Here is the working code:
Code:
Sub Tester()
Dim obj As Object
Dim source As String
Dim searchstring As String
Dim searchstring2 As String
Dim findFirst As Integer
Dim findSecond As Integer
Dim output As String
Dim outputDbl As Double
Dim url As String
Set obj = CreateObject("MSXML2.XMLHTTP")
url = "C:\Users\redacted\webpages\htmlexample.html" 'put url here
obj.Open "GET", url, False
obj.send
source = obj.responseText ' store source code in string varible
set obj = nothing
searchstring = "<span class=""price"">$" ' specify unique string to left of number
searchstring2 = " AUD</span>" & vbCrLf & "<span class=""product-price" ' specify unique string to right of number
findFirst = InStr(1, source, searchstring, vbTextCompare)
findSecond = InStr(1, source, searchstring2, vbTextCompare)
output = Mid(source, findFirst + Len(searchstring), findSecond - (findFirst + Len(searchstring))) ' extract number as string
outputDbl = CDbl(output) ' convert number to double
Debug.Print outputDbl
End Sub
If this was helpful, please click 'Like' below!
 

dudester

New Member
Hi Stevie,

Thanks for your code, however when I run it I get an overflow error on
findFirst = InStr(1, source, searchstring, vbTextCompare)
 

Stevie

Active Member
Thanks for your code, however when I run it I get an overflow error on
findFirst = InStr(1, source, searchstring, vbTextCompare)
Hi dudester, I used the source snippet from your example, which fits within the string variable.
Presumably, the actual webpage is much larger, and therefore fails when it tries to load the source into the string.

I would suggest finding out how long the webpage is, or how long it could be, then declaring the string variable as such, e.g:
Code:
Dim source As String * 1024
which should allow for a string of length 1024.

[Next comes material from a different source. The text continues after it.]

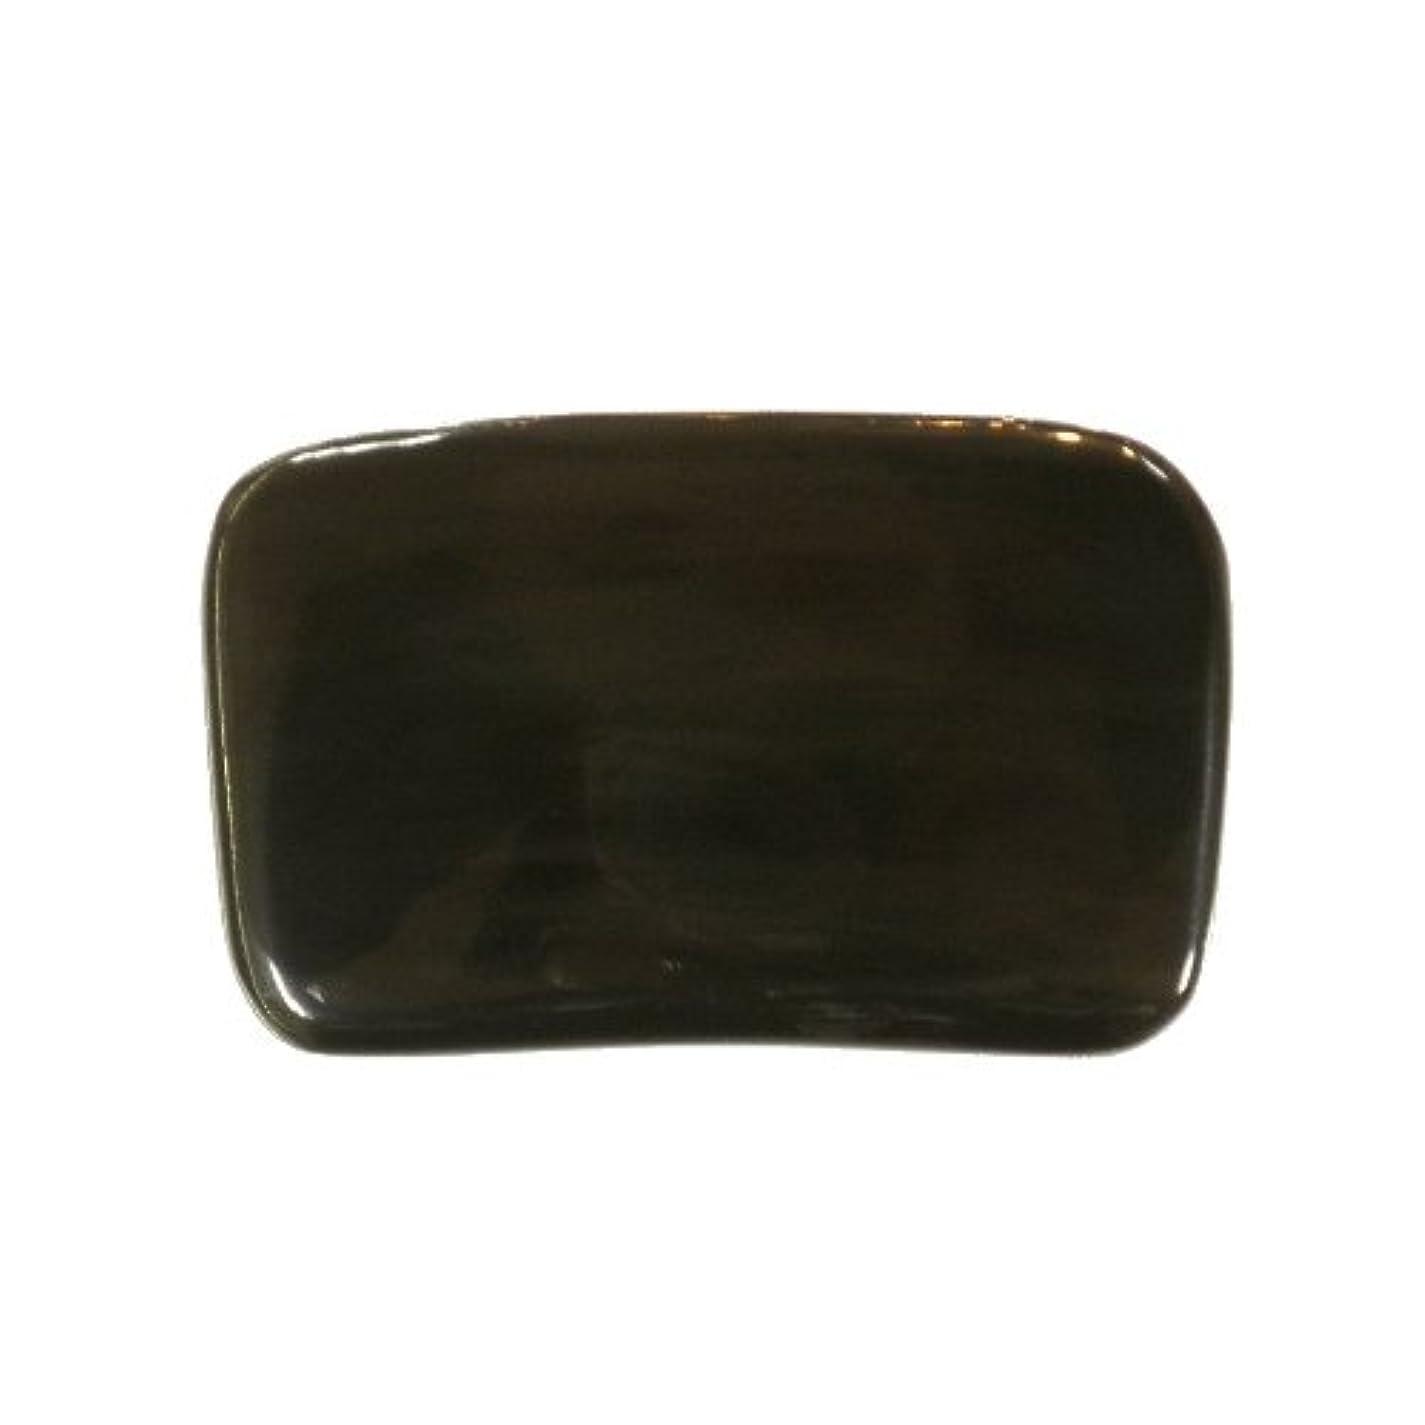 凍ったボルトとにかくかっさ プレート 厚さが選べる ヤクの角(水牛の角) EHE267SP 長方形小 特級品 特厚(8ミリ程度[100円加算])

Let me know how you get on.

If this was helpful, please click 'Like' below!
 

dudester

New Member
Hi,

How can I determine the length ?

Using Dim source As String * 1024, I get Invalid Procedure or Call on:
output = Mid(source, findFirst + Len(searchstring), findSecond - (findFirst + Len(searchstring))) ' extract number as string
 

Stevie

Active Member
Hi dudester,
please replace your code with this and try it:
Code:
Sub Tester()
Dim obj As Object
Dim source As String * 65526
Dim searchstring As String
Dim searchstring2 As String
Dim findFirst As Long
Dim findSecond As Long
Dim output As String
Dim outputDbl As Double
Dim url As String
Set obj = CreateObject("MSXML2.ServerXMLHTTP")
url = "" 'put url here
obj.Open "GET", url, False
obj.send
source = obj.responseText ' store source code in string varible
searchstring = "<span class=""price"">$" ' specify unique string to left of number
searchstring2 = " AUD</span>" & vbCrLf & "<span class=""product-price" ' specify unique string to right of number
findFirst = InStr(1, source, searchstring, vbTextCompare)
findSecond = InStr(1, source, searchstring2, vbTextCompare)
output = Mid(source, findFirst + Len(searchstring), findSecond - (findFirst + Len(searchstring))) ' extract number as string
outputDbl = CDbl(output) ' convert number to double
Debug.Print outputDbl
End Sub
Don't forget to put your url back in.

I have changed the variables for find from integer to long and the source string to it's maximum length.
I have also changed the object to remove some potential permissions issues.
I had this working on a stackoverflow forum page just now (I would have used chandoo, but couldn't find the post contents in the source at a glance).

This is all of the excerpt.